# Instructions for the task
Search the listing below for the line containing "Entrevista com Atsumi". From there through the line containing "Adidas_NBA2K14_Nonbox_7857_W1.jpg", transcribe every line exactly, both ends included.

(Listed records Opens)

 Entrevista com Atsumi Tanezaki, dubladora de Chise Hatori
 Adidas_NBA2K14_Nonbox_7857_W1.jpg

(Listed records Closes)
(Listed records Opens)

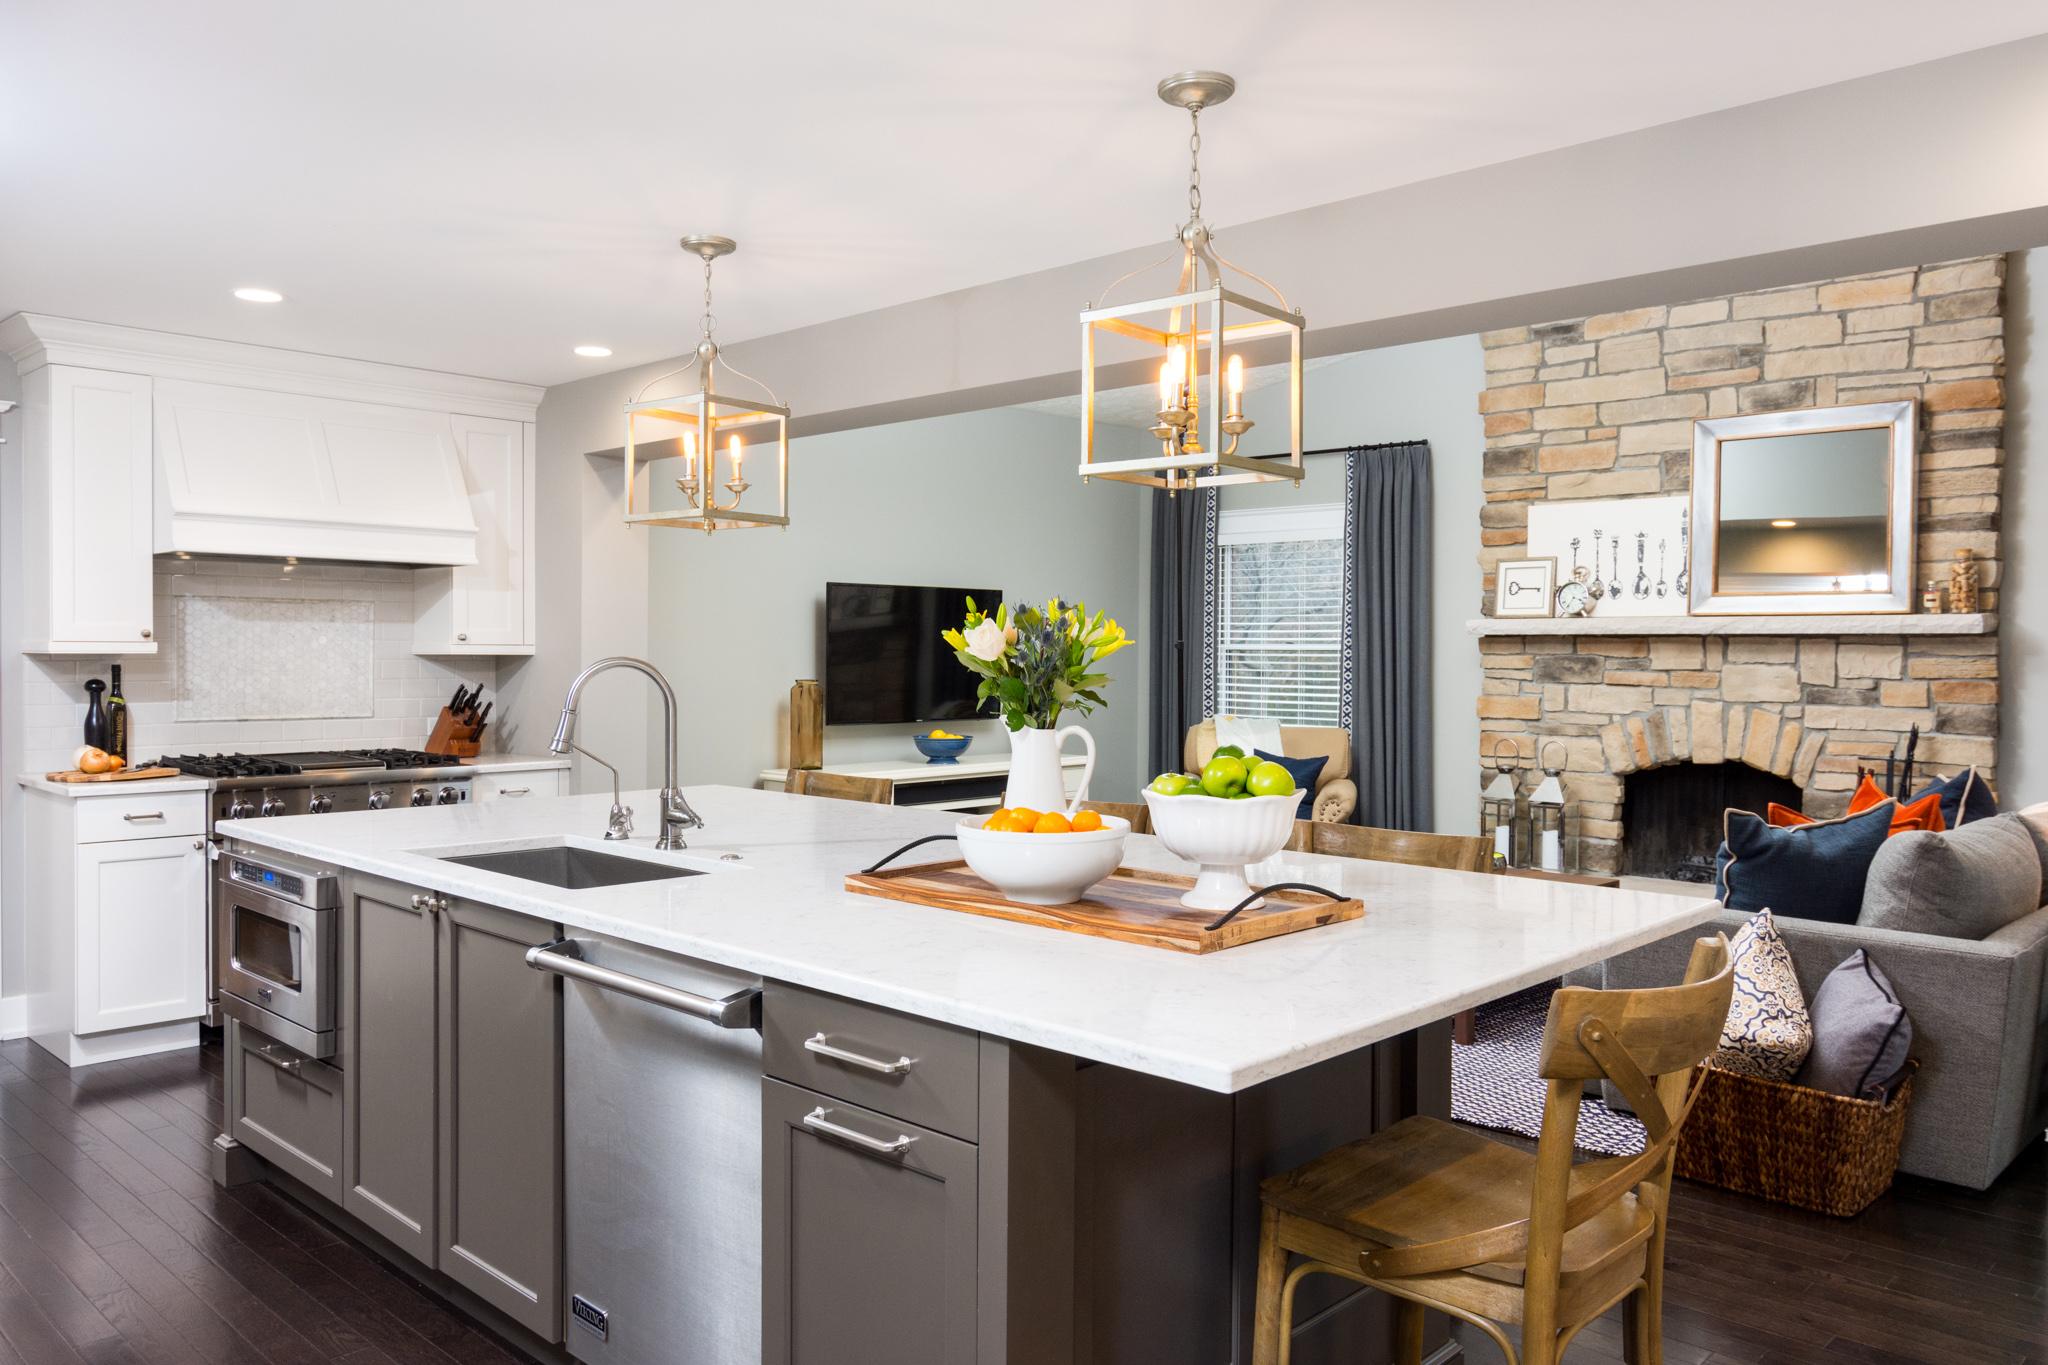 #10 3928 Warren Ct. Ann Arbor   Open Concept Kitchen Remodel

(Listed records Closes)
(Listed records Opens)

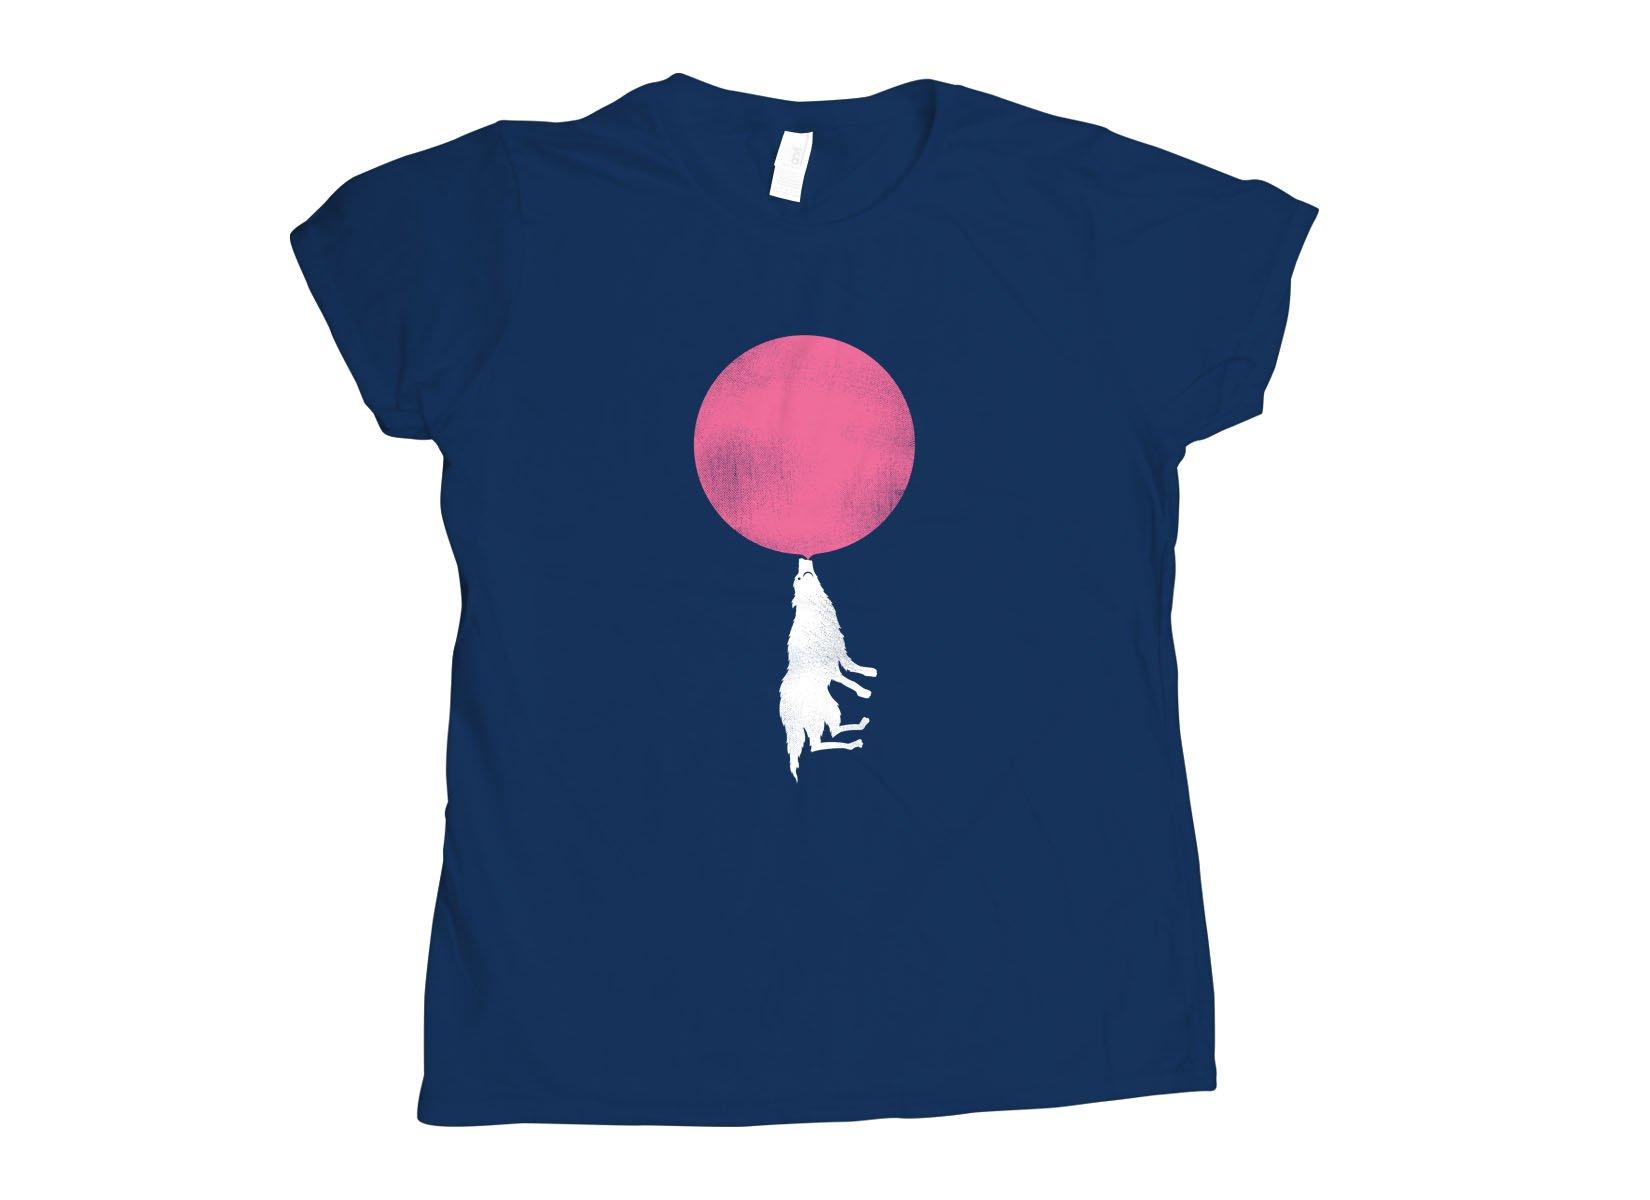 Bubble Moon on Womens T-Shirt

(Listed records Closes)

# Output
 Entrevista com Atsumi Tanezaki, dubladora de Chise Hatori
 Adidas_NBA2K14_Nonbox_7857_W1.jpg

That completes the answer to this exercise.